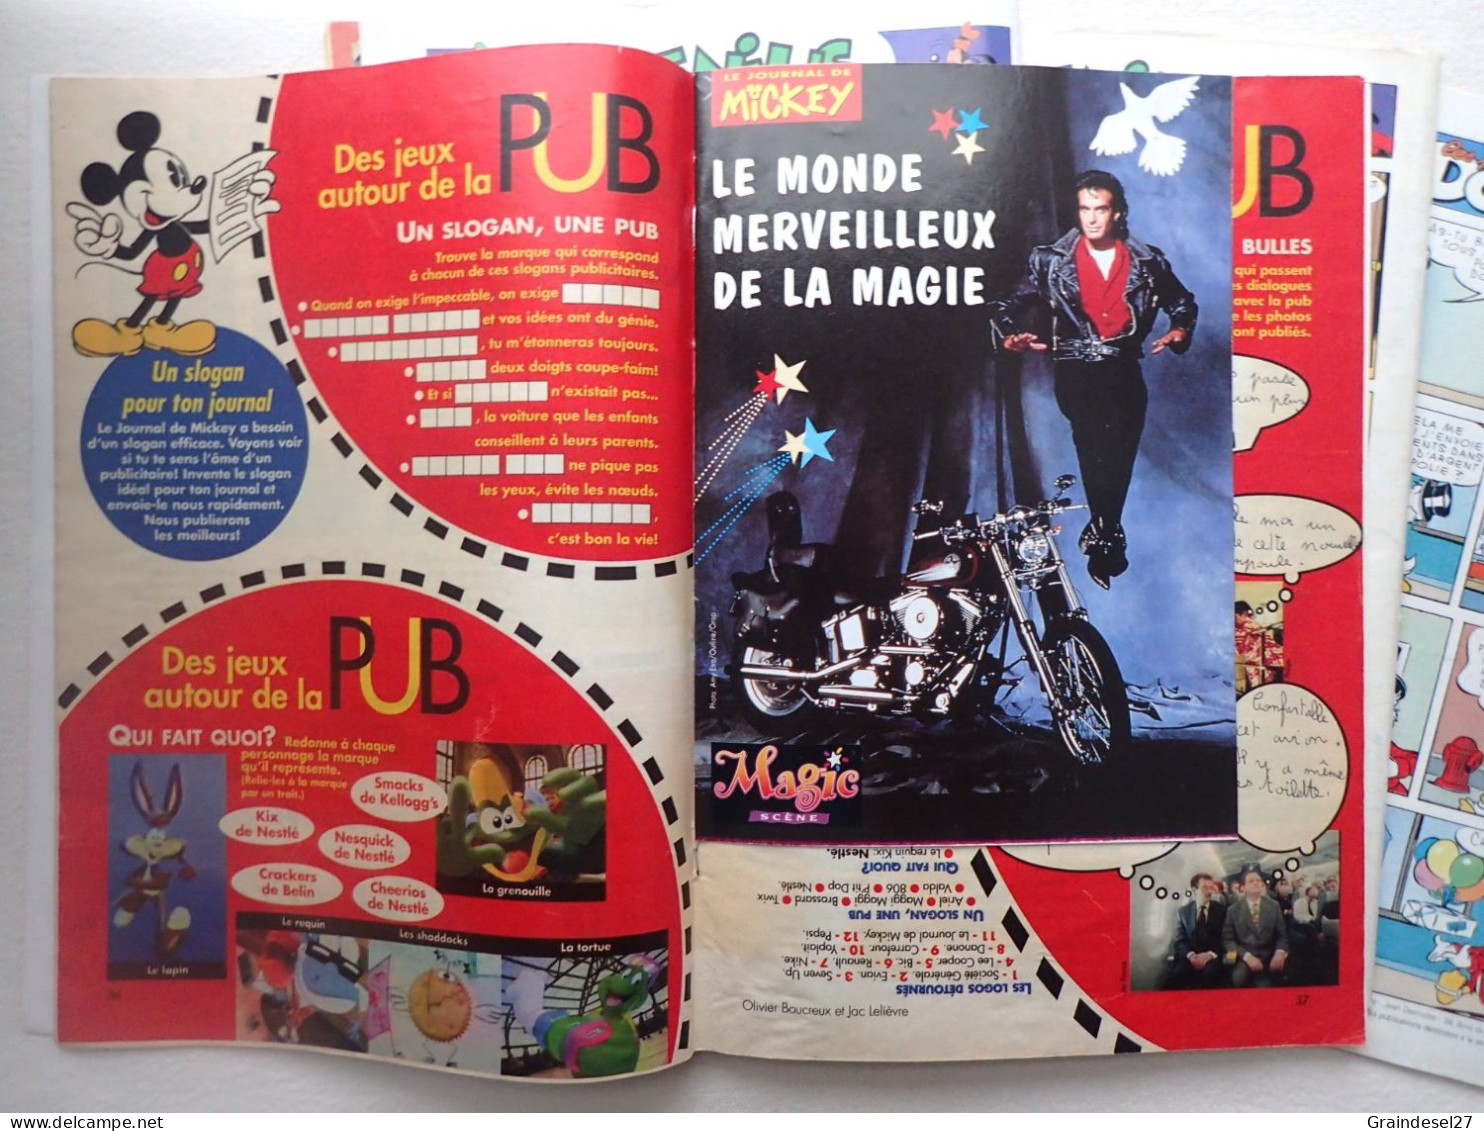 Le Journal De Mickey Lot De 2 Magazines De 1996 N° 2282 Et 2316 - Journal De Mickey
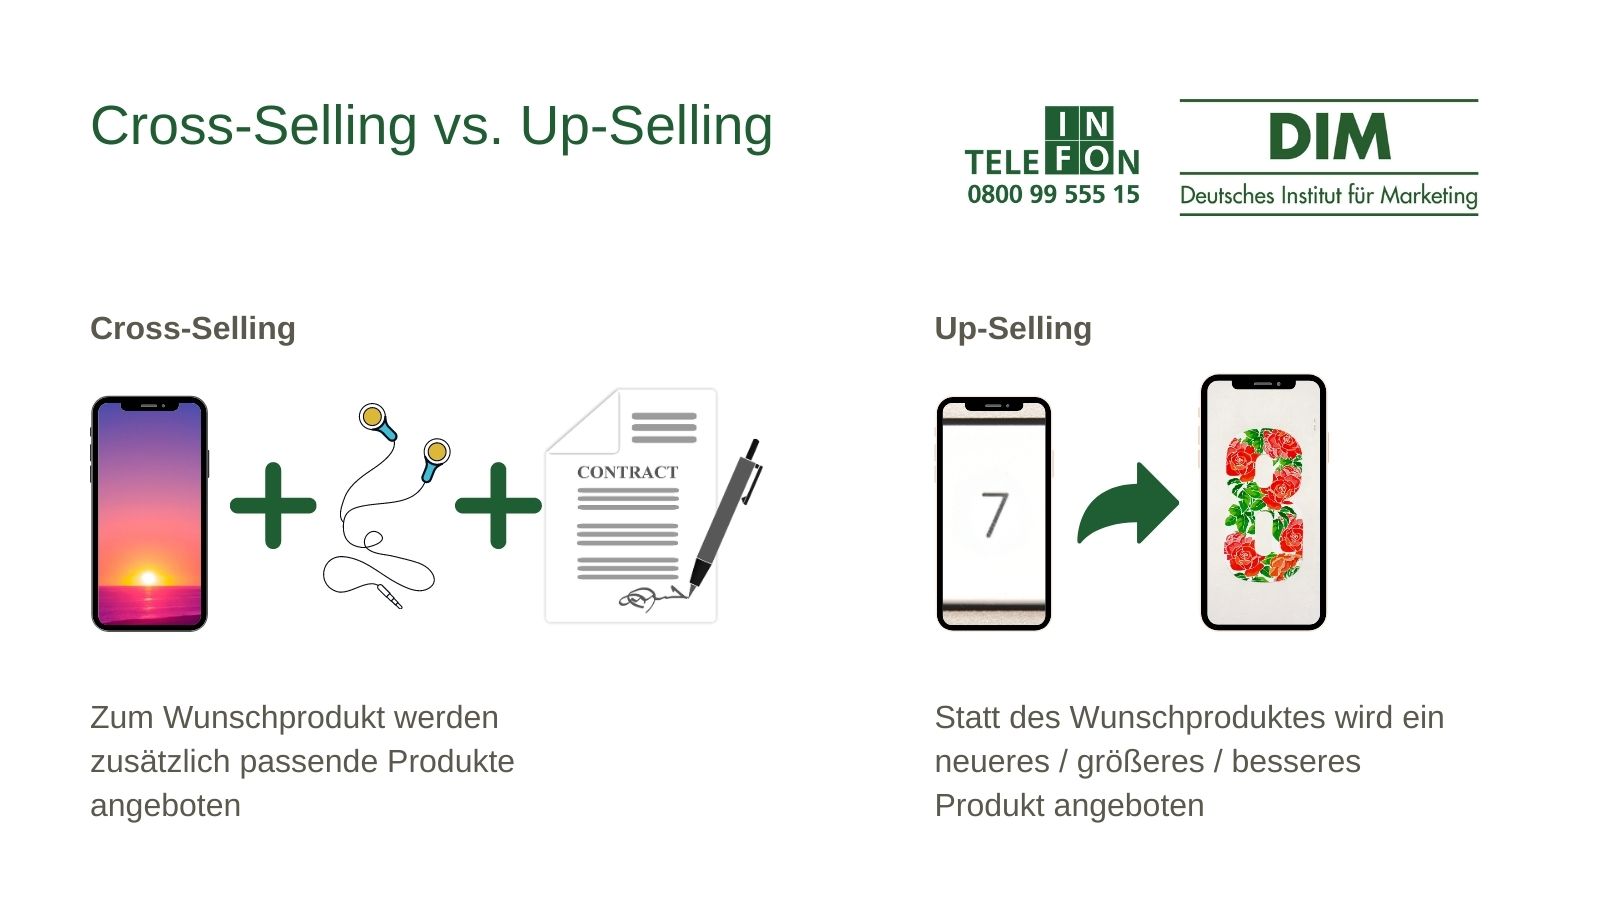 Cross-Selling vs Up-Selling
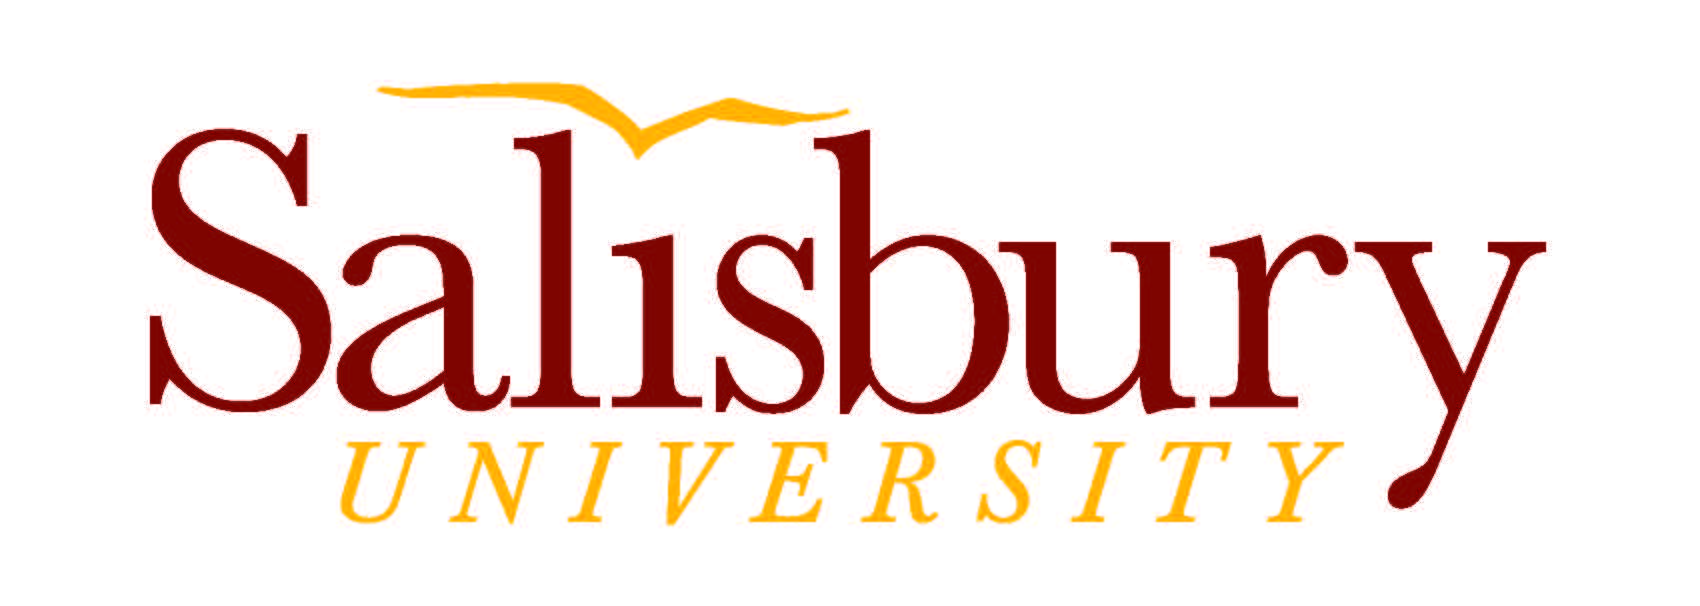 The Salisbury University logo.
____________
WORK TO COMPLETE: Reproduce the whole listing verbatim. Pictures stay out of the copy.

EXERCISE ANSWER:
 Le Journal De Mickey Lot De 2 Magazines De 1996 N° 2282 Et 2316 - Journal De Mickey
 Cross-Selling vs Up-Selling
 The Salisbury University logo.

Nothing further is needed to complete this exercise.